What the exercise asks:
All of the lines below are to be transcribed faithfully, with pictures excluded from the copy.

Input data:
#####

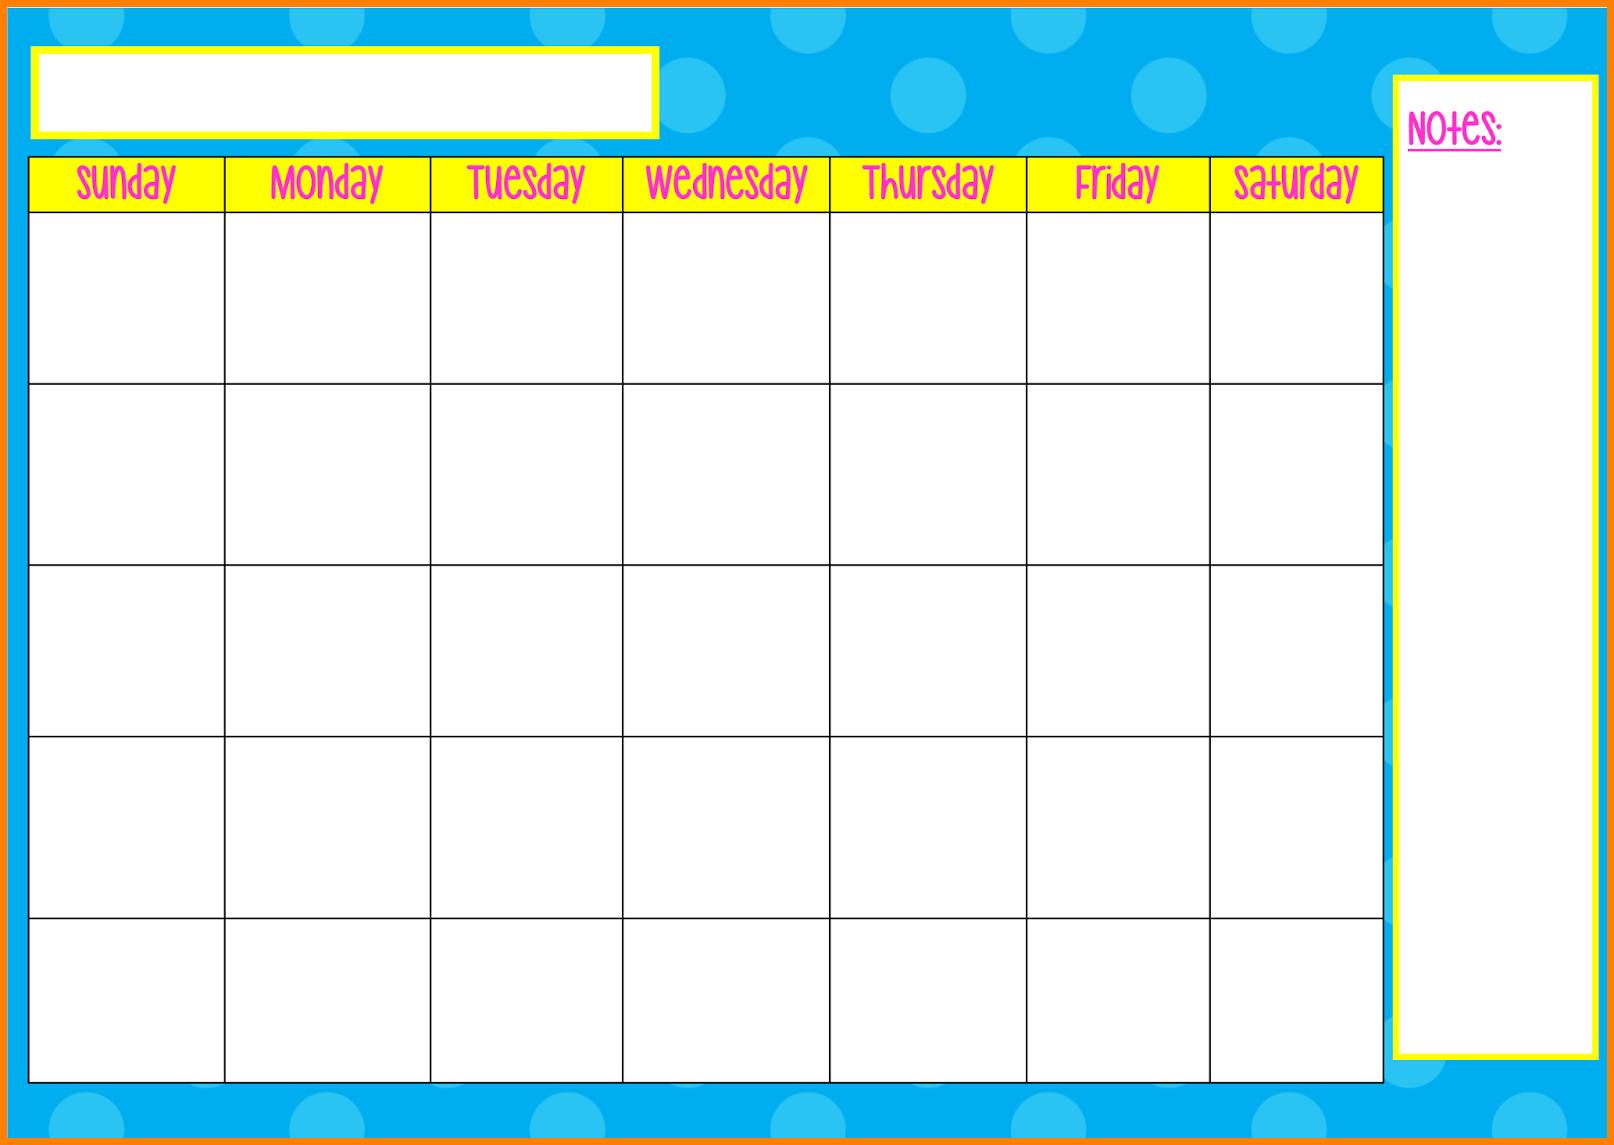 10+ Monday Thru Friday - Card Authorization 2017 Monday To Friday Tempate Printable
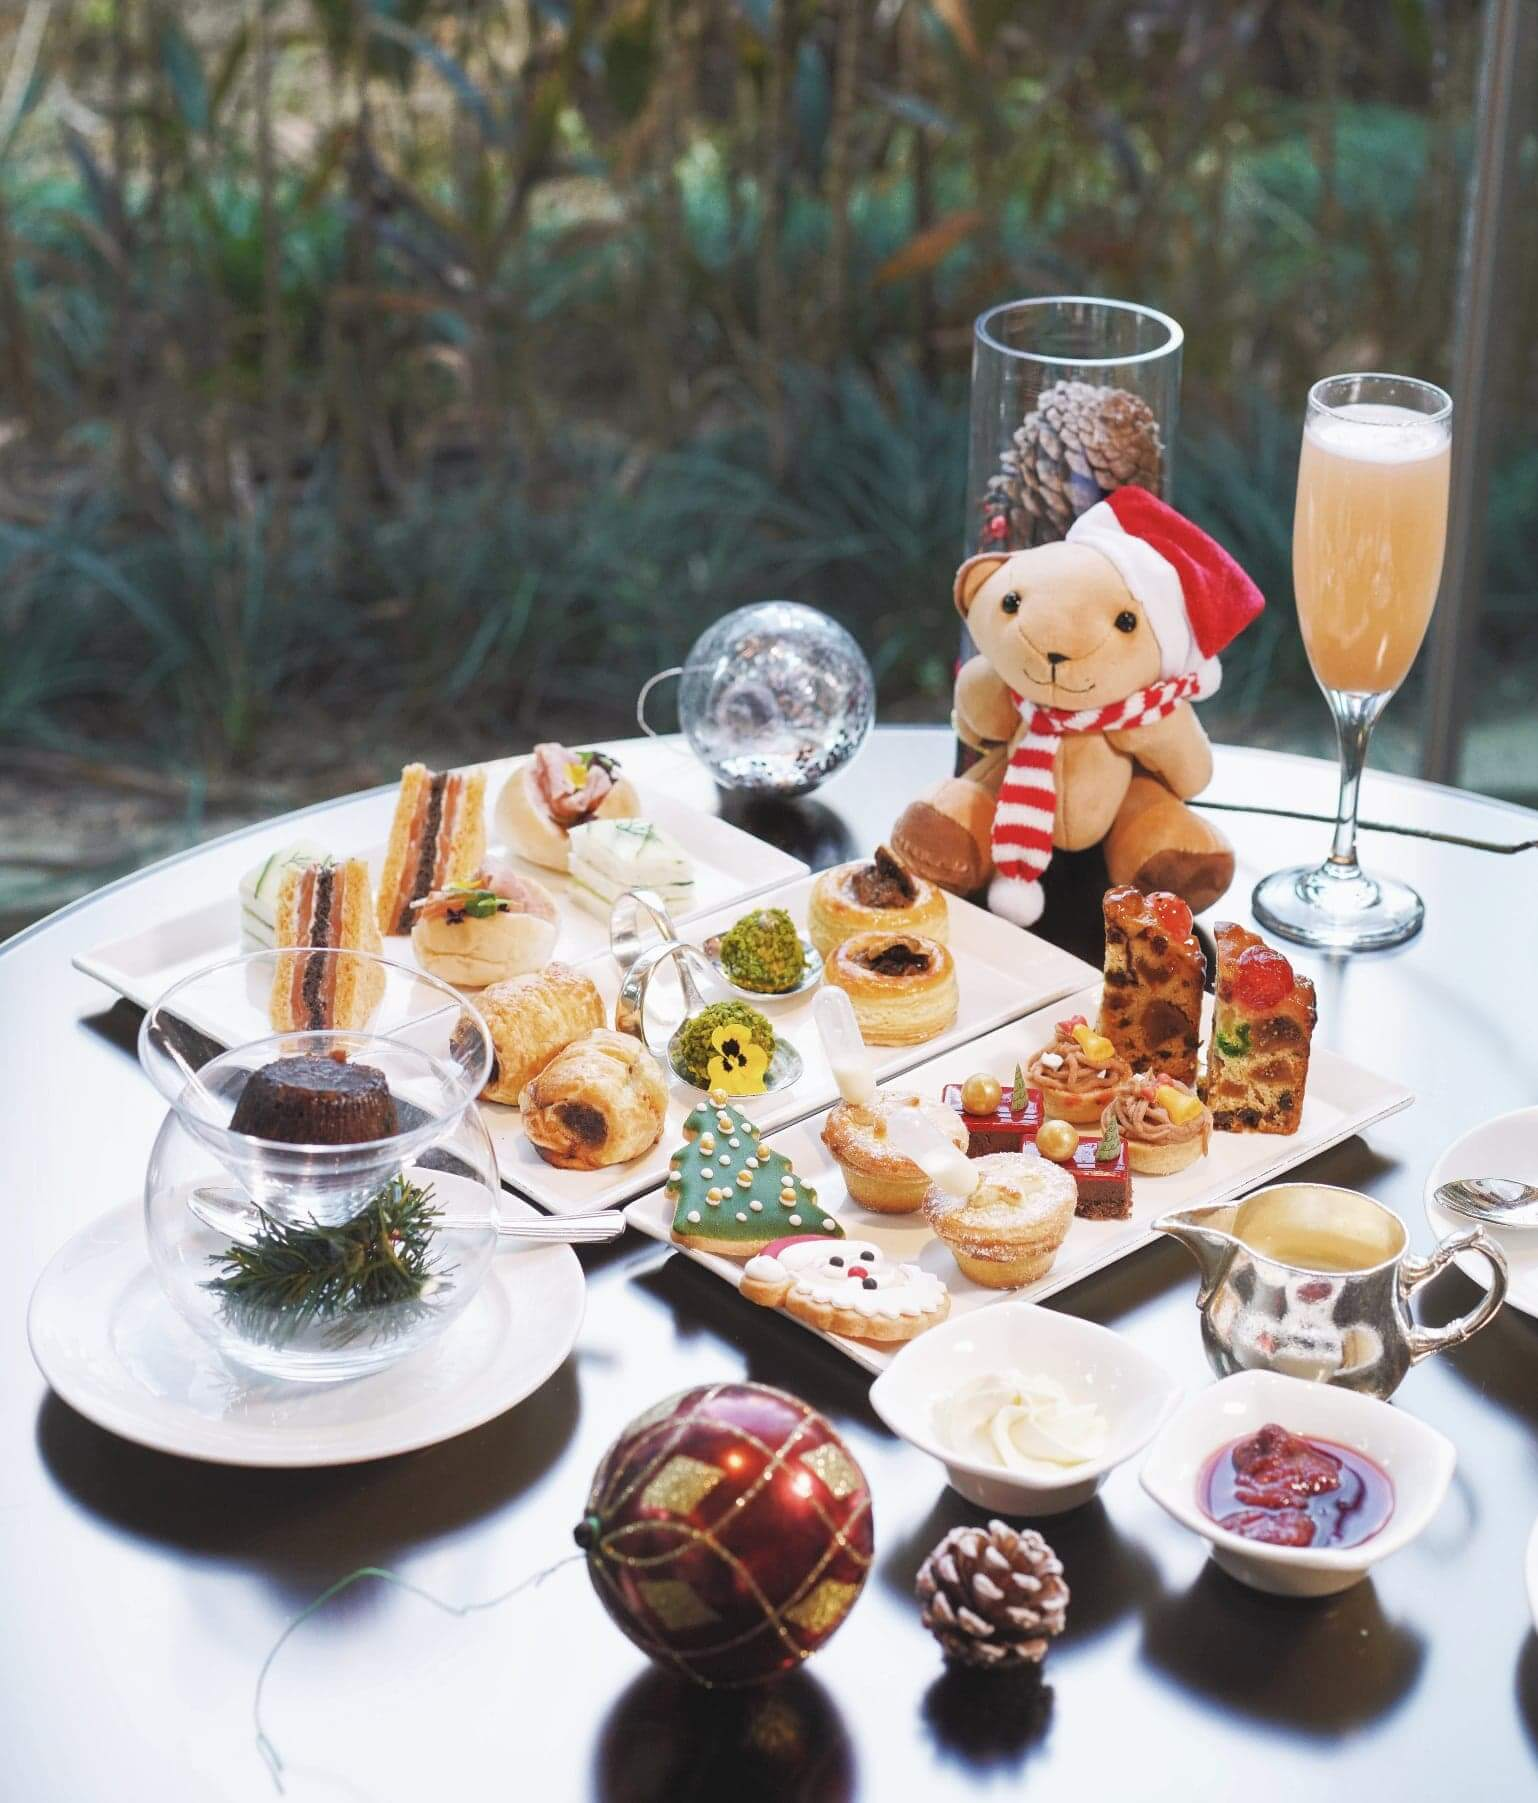 「Waltz of Festive Joys」節慶下午茶, 薈萃一系列傳統節慶美點及經典甜品。
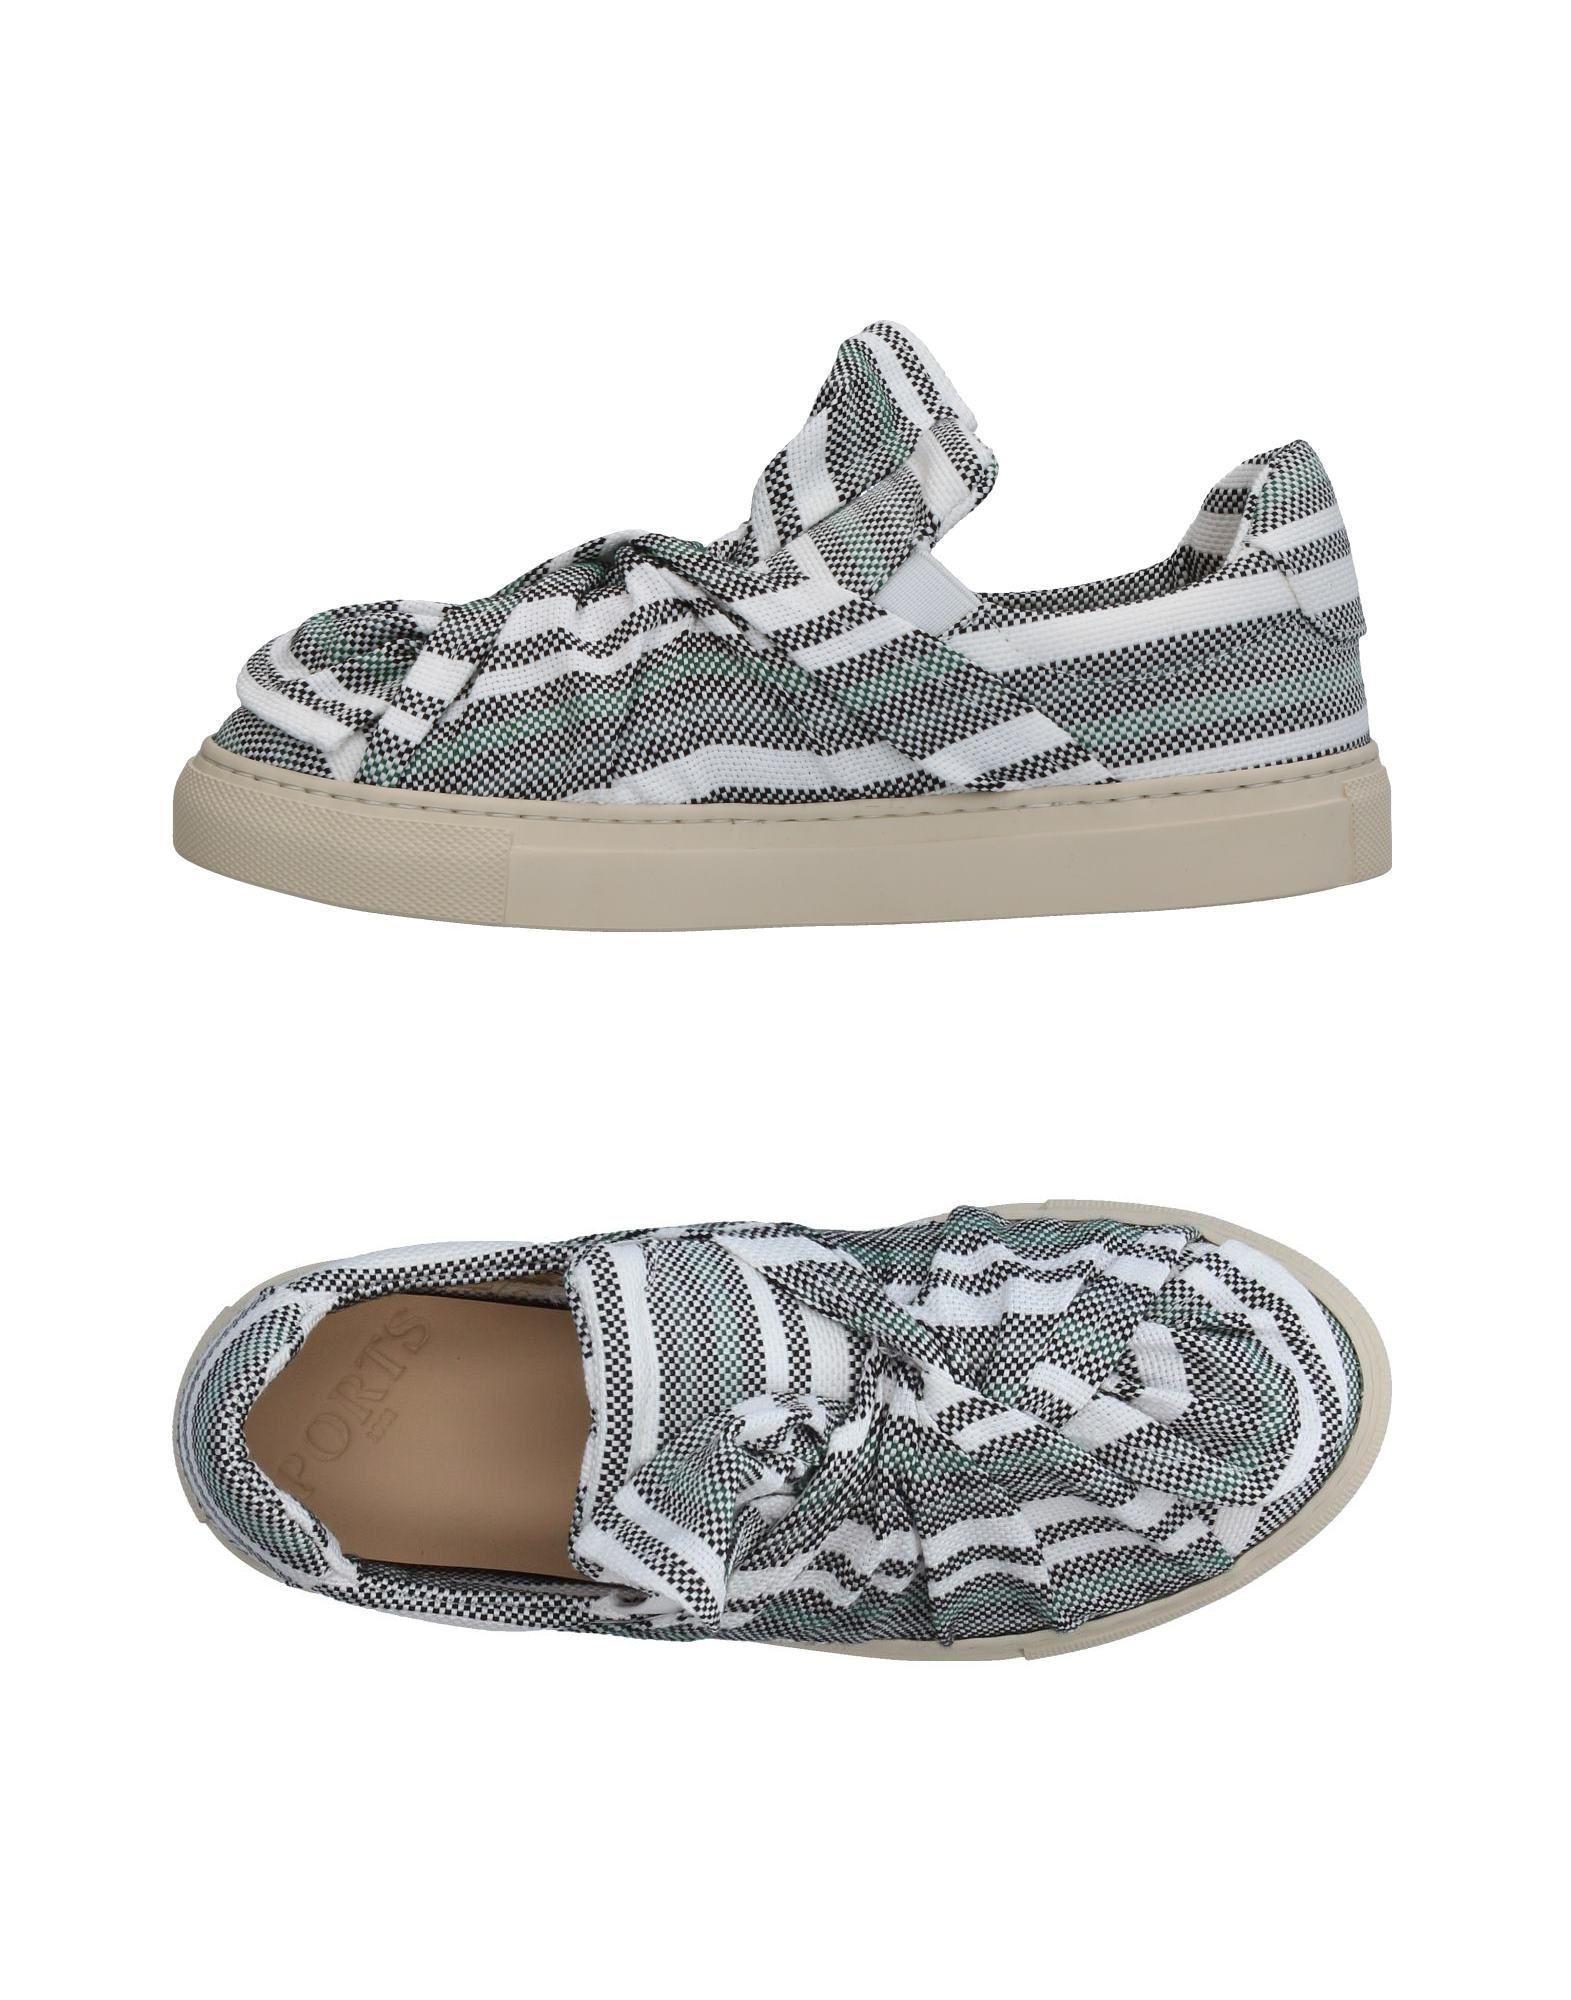 FOOTWEAR - Low-tops & sneakers Ports 1961 2018 Unisex Excellent jQ8uU34
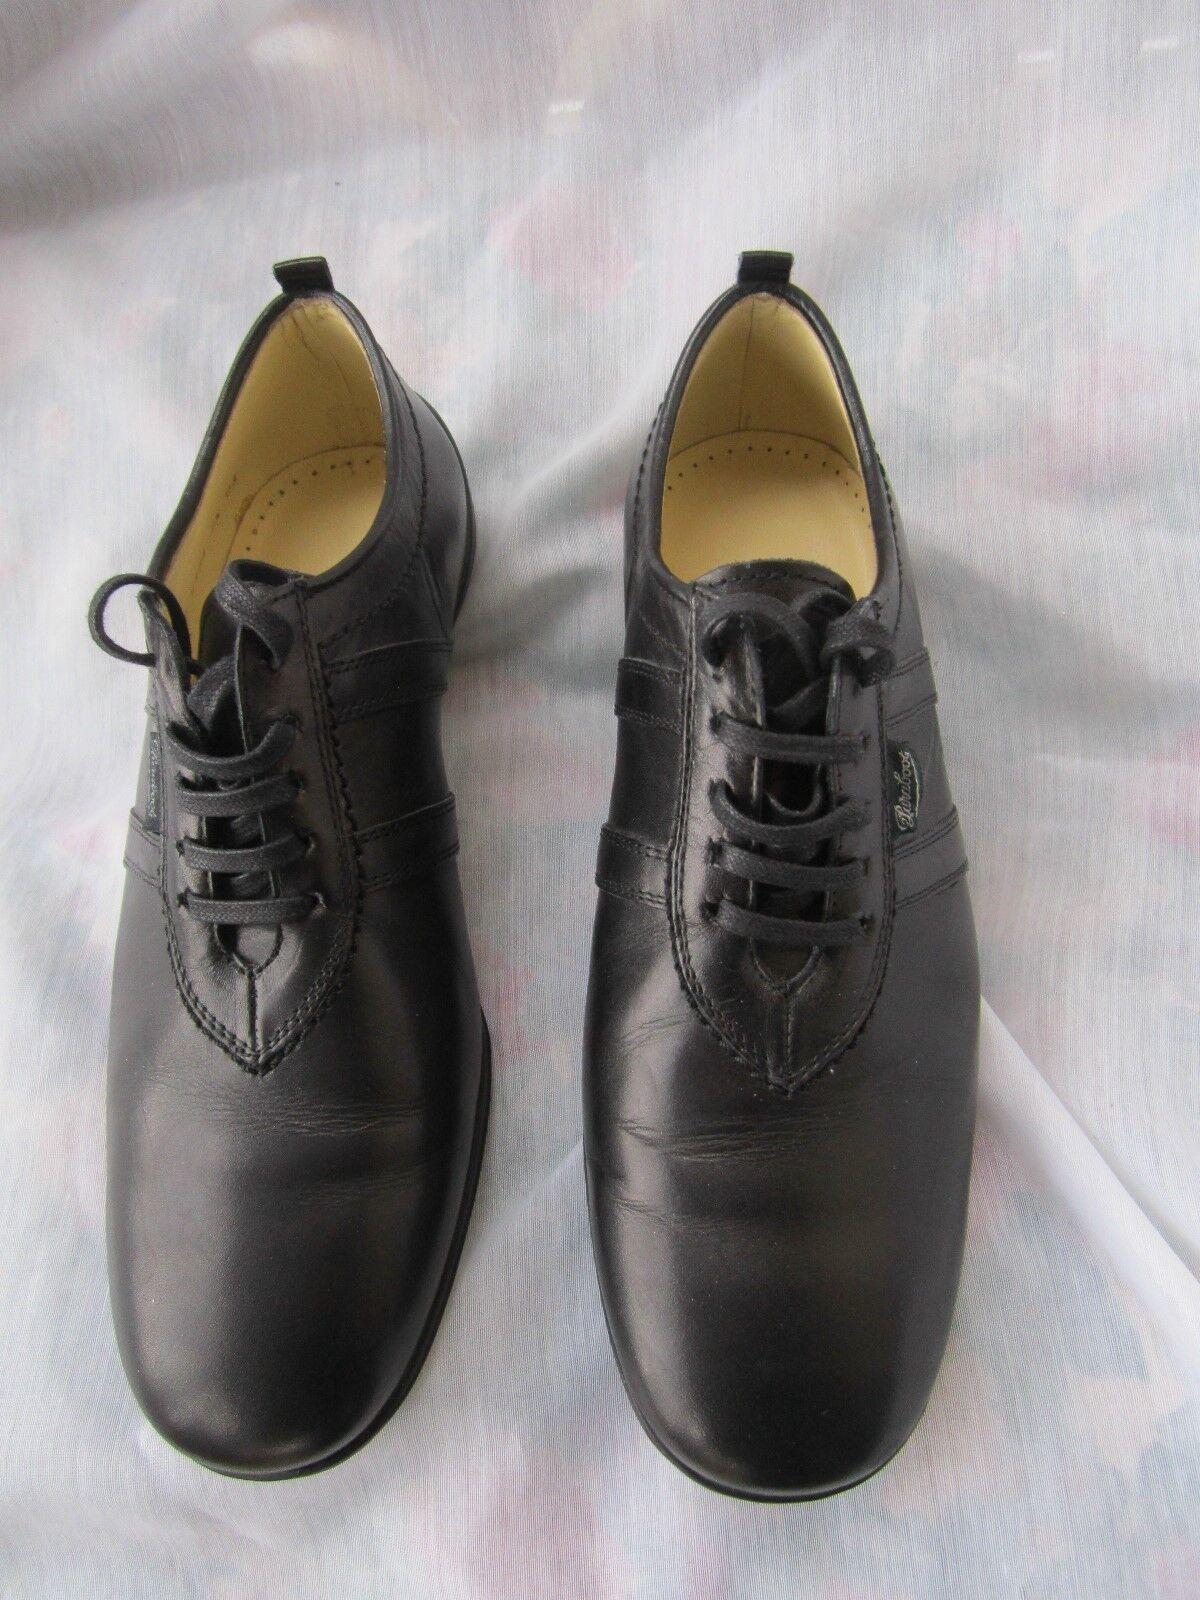 Paraboot Lace shoes Cousu Blake Size UK 3.5 USA 6 Richard Pontgreen France

#####

Reply:
 10+ Monday Thru Friday - Card Authorization 2017 Monday To Friday Tempate Printable
 「Waltz of Festive Joys」節慶下午茶, 薈萃一系列傳統節慶美點及經典甜品。
 FOOTWEAR - Low-tops & sneakers Ports 1961 2018 Unisex Excellent jQ8uU34
 Paraboot Lace shoes Cousu Blake Size UK 3.5 USA 6 Richard Pontgreen France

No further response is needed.